::: The data
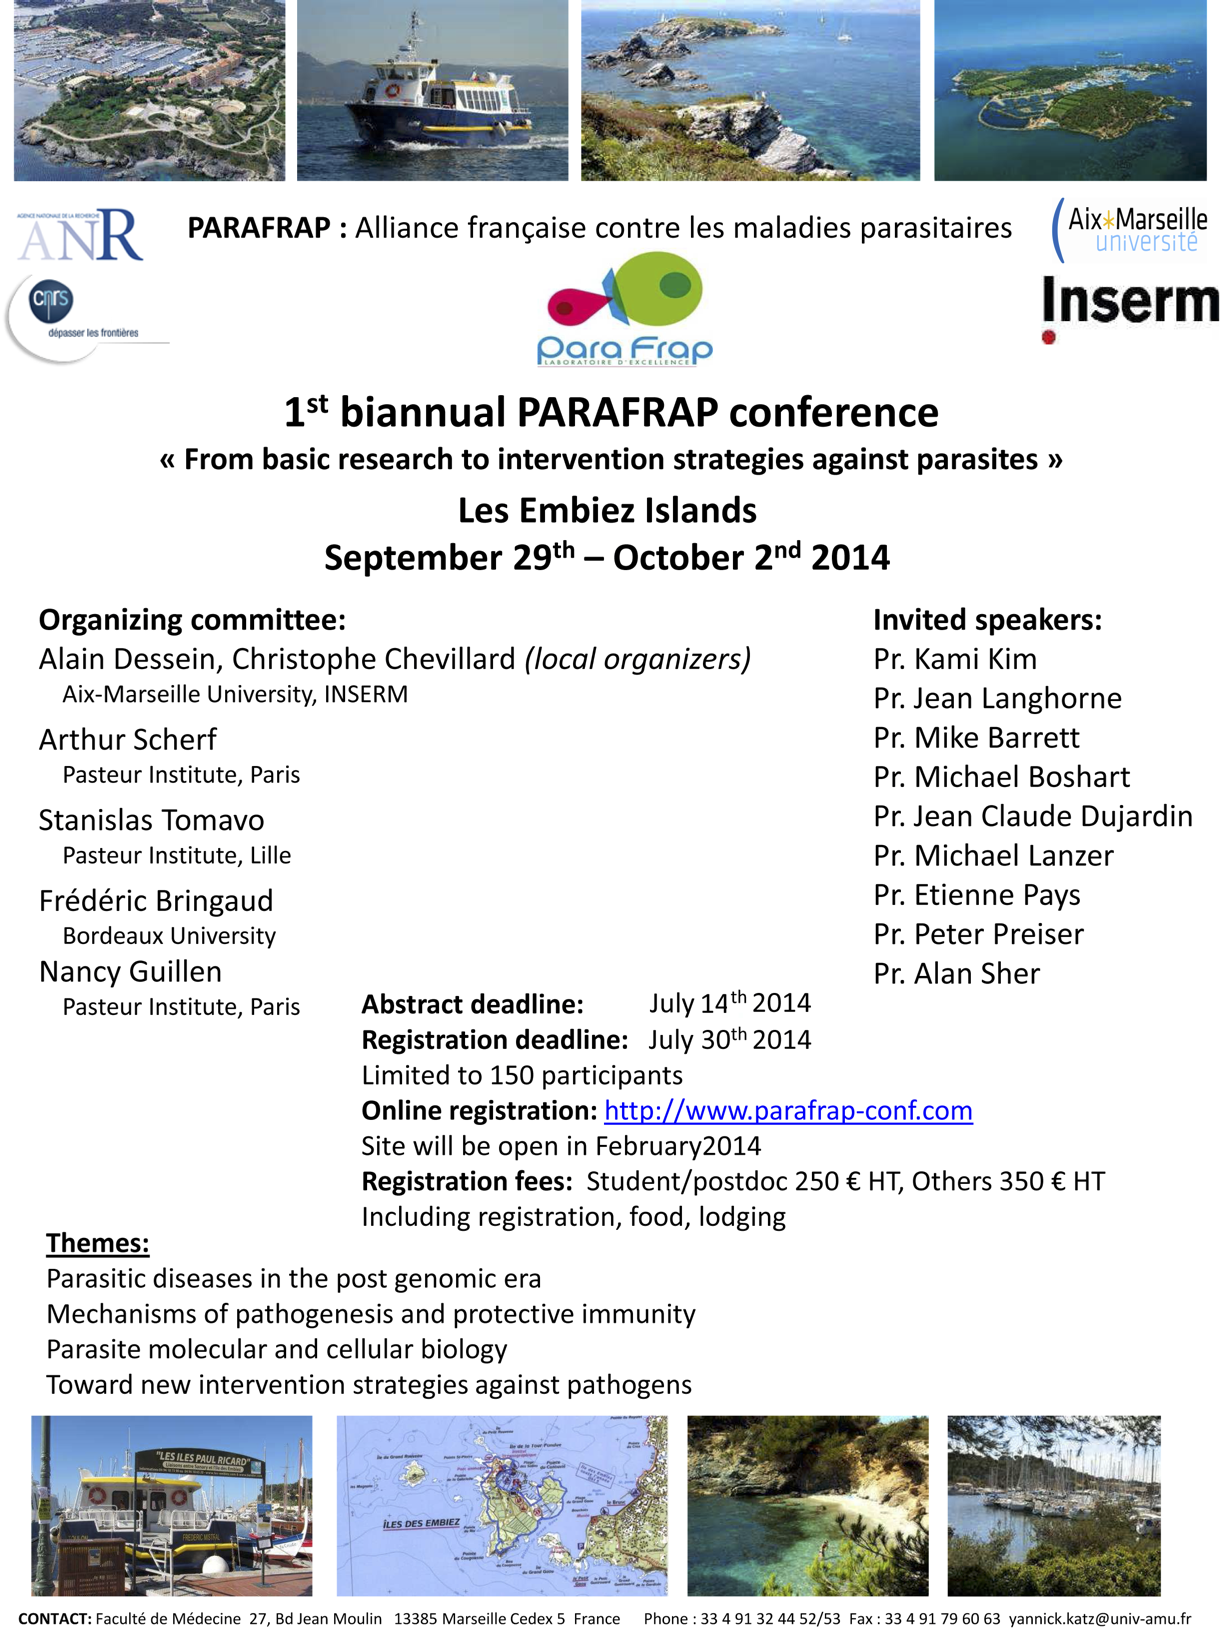 ParaFrap International Parasitology Meeting
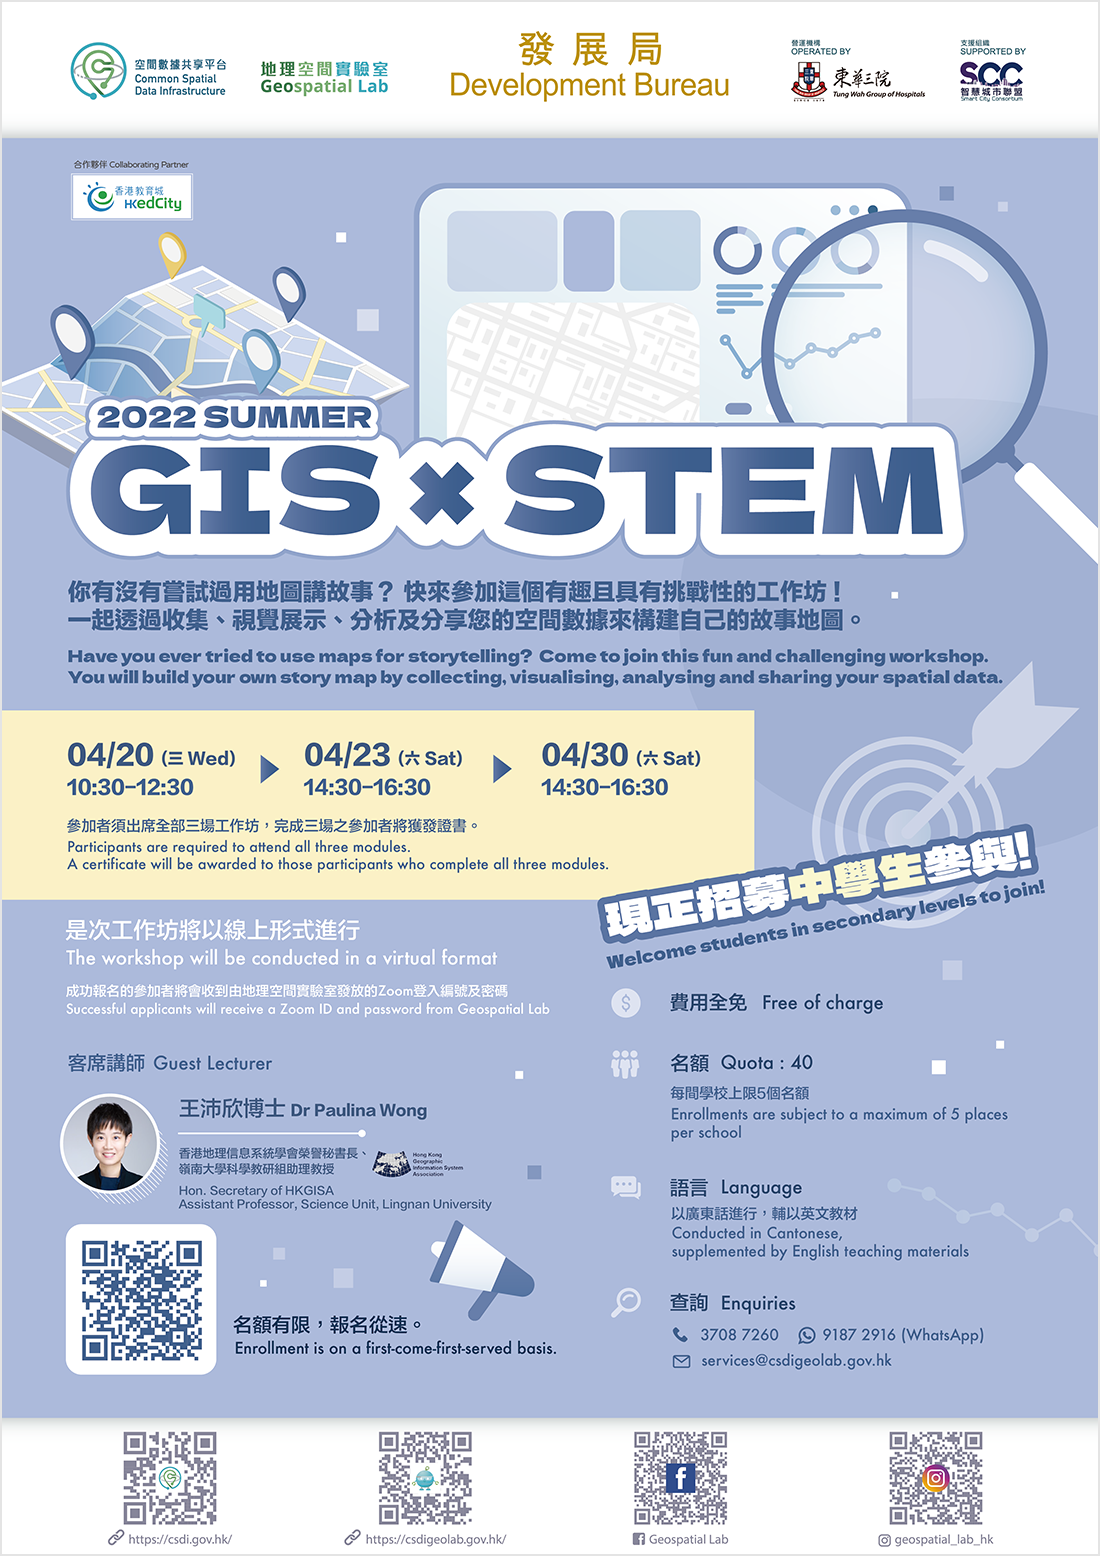 2022 Summer GIS X STEM Workshop (3 modules)
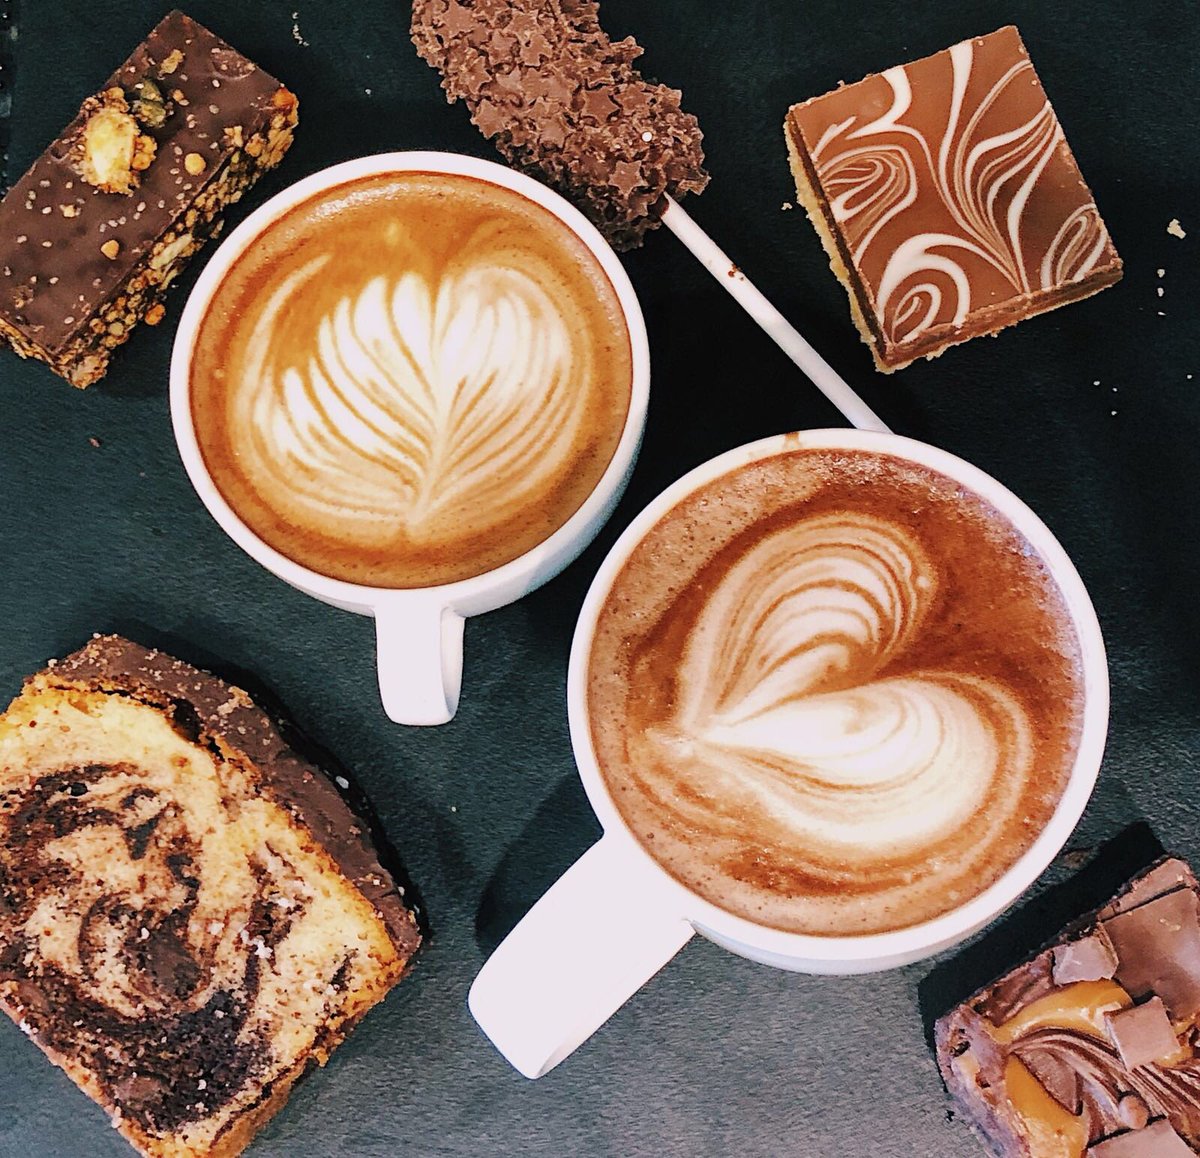 Hurray! It’s international chocolate day 🍫🍫🍫 Come indulge with us (we won’t tell anyone). #York #ConeyStreet #LatteArt #LatteArtHeroes #Chocolate #Espresso #InternationalChocolateDay
::::::
Only the pictures stay out; everything else in the listing above must be repeated exactly.

 ParaFrap International Parasitology Meeting
 2022 Summer GIS X STEM Workshop (3 modules)
 Hurray! It’s international chocolate day 🍫🍫🍫 Come indulge with us (we won’t tell anyone). #York #ConeyStreet #LatteArt #LatteArtHeroes #Chocolate #Espresso #InternationalChocolateDay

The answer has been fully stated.